- Source data:
————
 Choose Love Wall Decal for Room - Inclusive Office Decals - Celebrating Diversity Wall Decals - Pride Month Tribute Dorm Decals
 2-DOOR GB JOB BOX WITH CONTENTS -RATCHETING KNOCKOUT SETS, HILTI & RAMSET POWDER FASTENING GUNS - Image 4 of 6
————
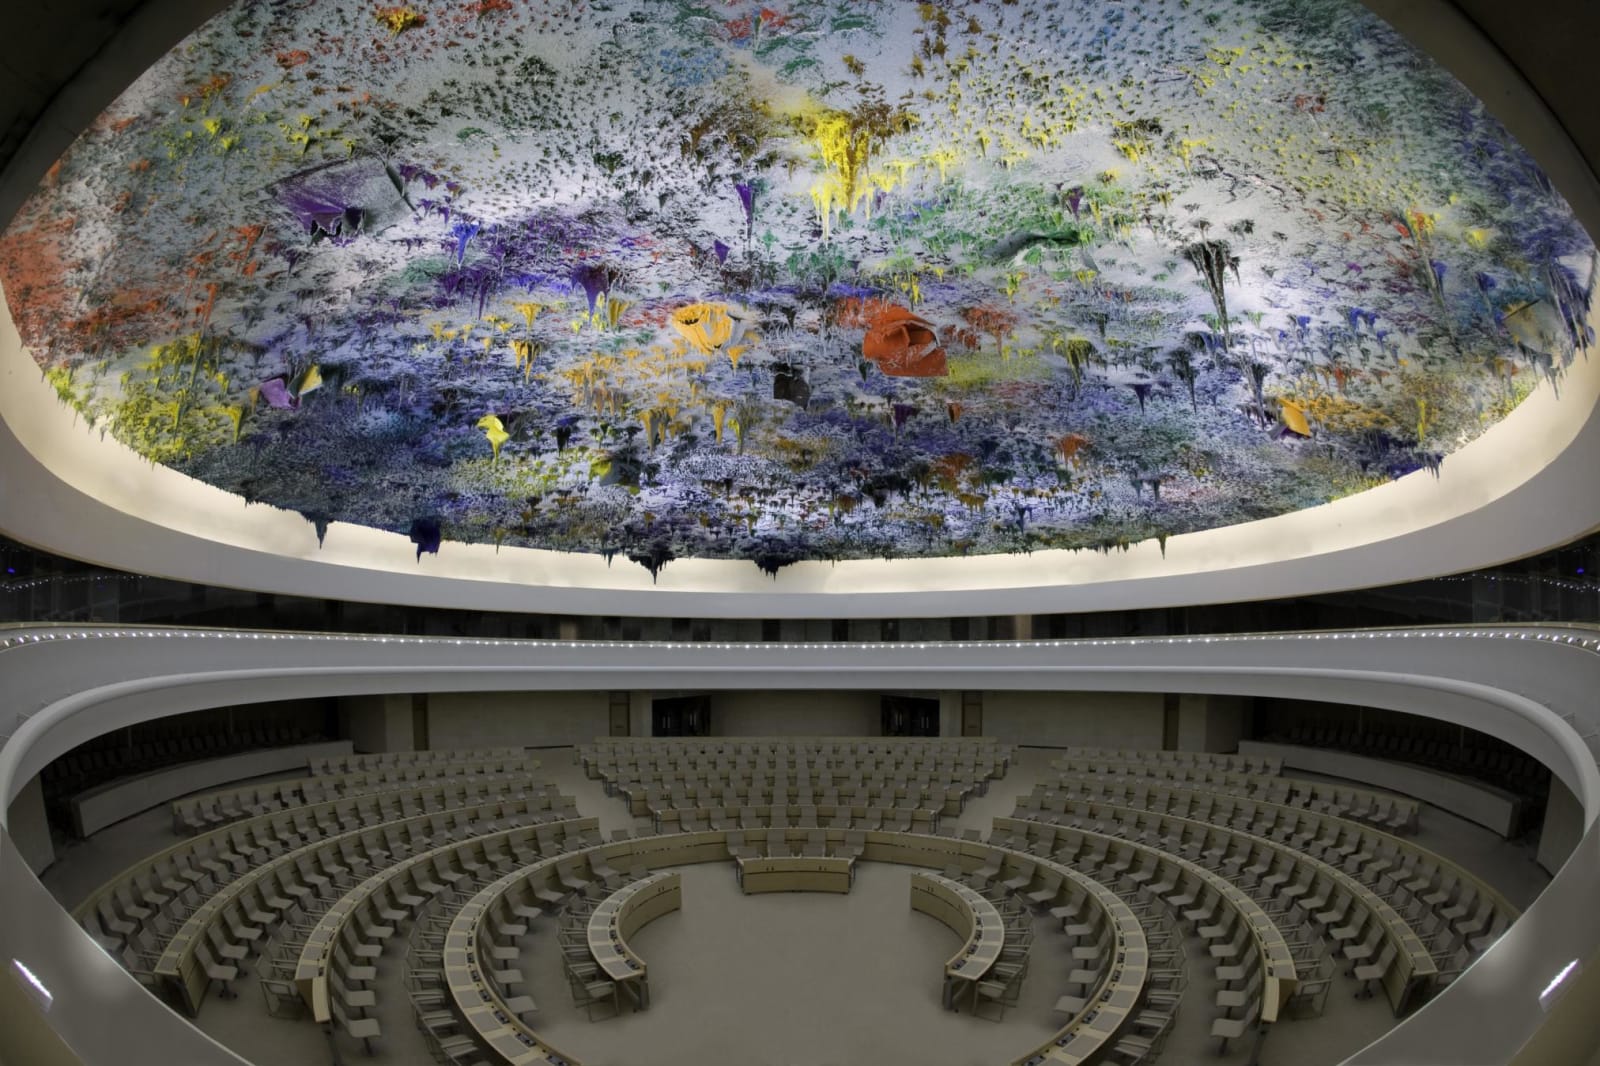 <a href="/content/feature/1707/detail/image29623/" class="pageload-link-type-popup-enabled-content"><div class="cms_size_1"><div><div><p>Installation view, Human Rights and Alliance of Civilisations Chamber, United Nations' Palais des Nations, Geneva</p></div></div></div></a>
————
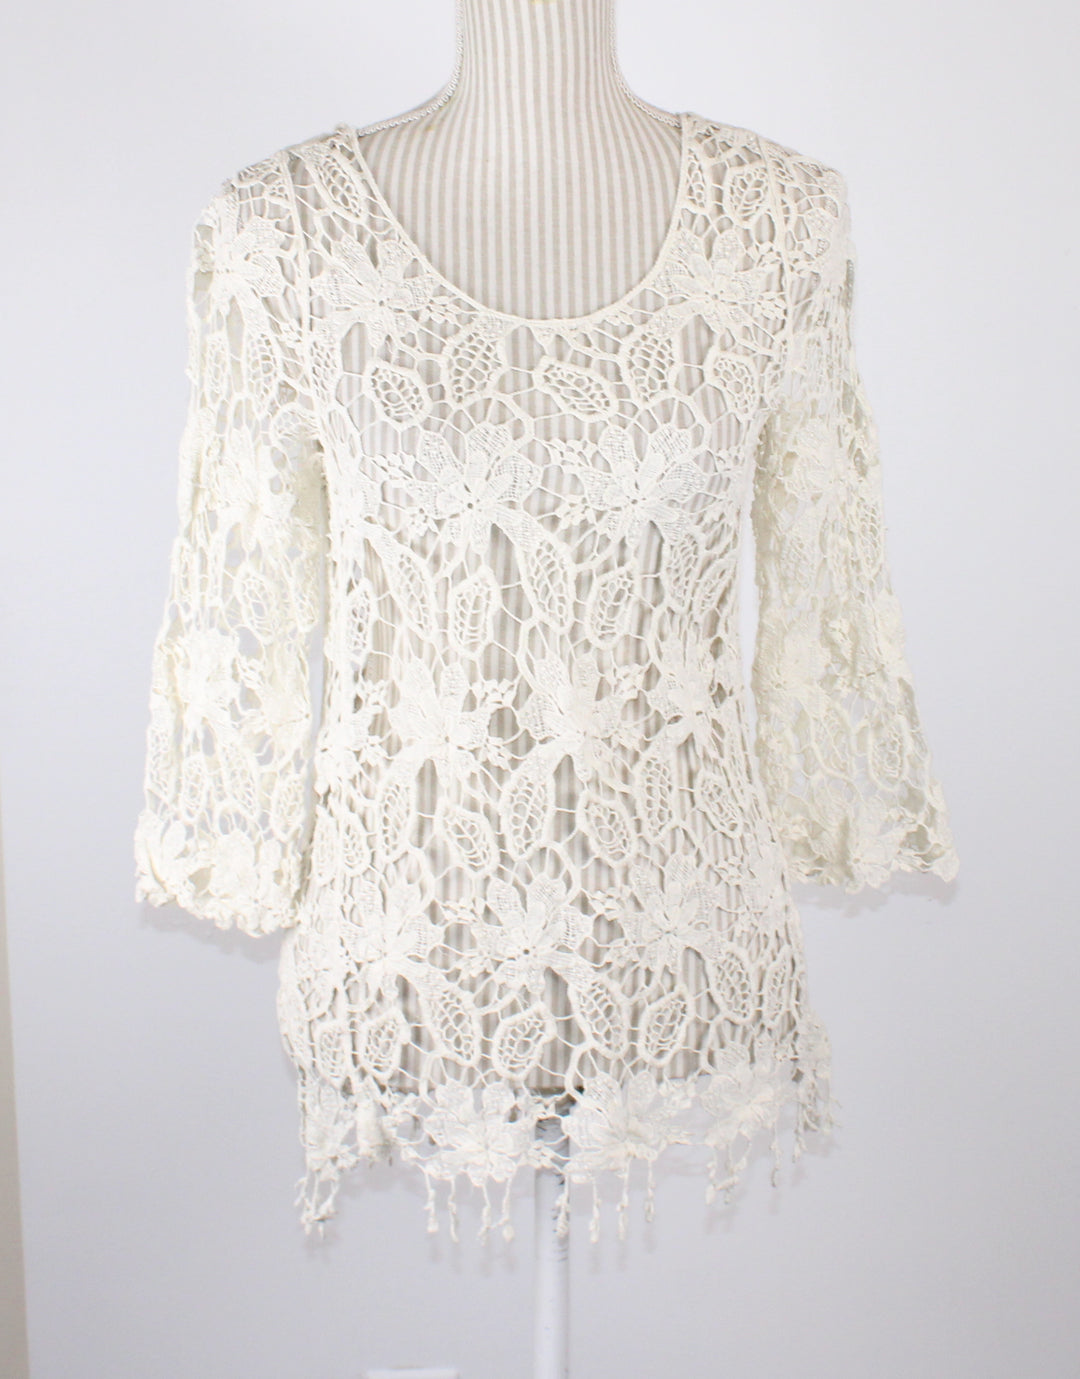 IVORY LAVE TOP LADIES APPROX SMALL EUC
————
- About this exercise:
The response should hold exactly the lines starting at the line with "Choose Love Wall" and ending at the line with "2-DOOR GB JOB", and no other line of the material above.

- The answer:
 Choose Love Wall Decal for Room - Inclusive Office Decals - Celebrating Diversity Wall Decals - Pride Month Tribute Dorm Decals
 2-DOOR GB JOB BOX WITH CONTENTS -RATCHETING KNOCKOUT SETS, HILTI & RAMSET POWDER FASTENING GUNS - Image 4 of 6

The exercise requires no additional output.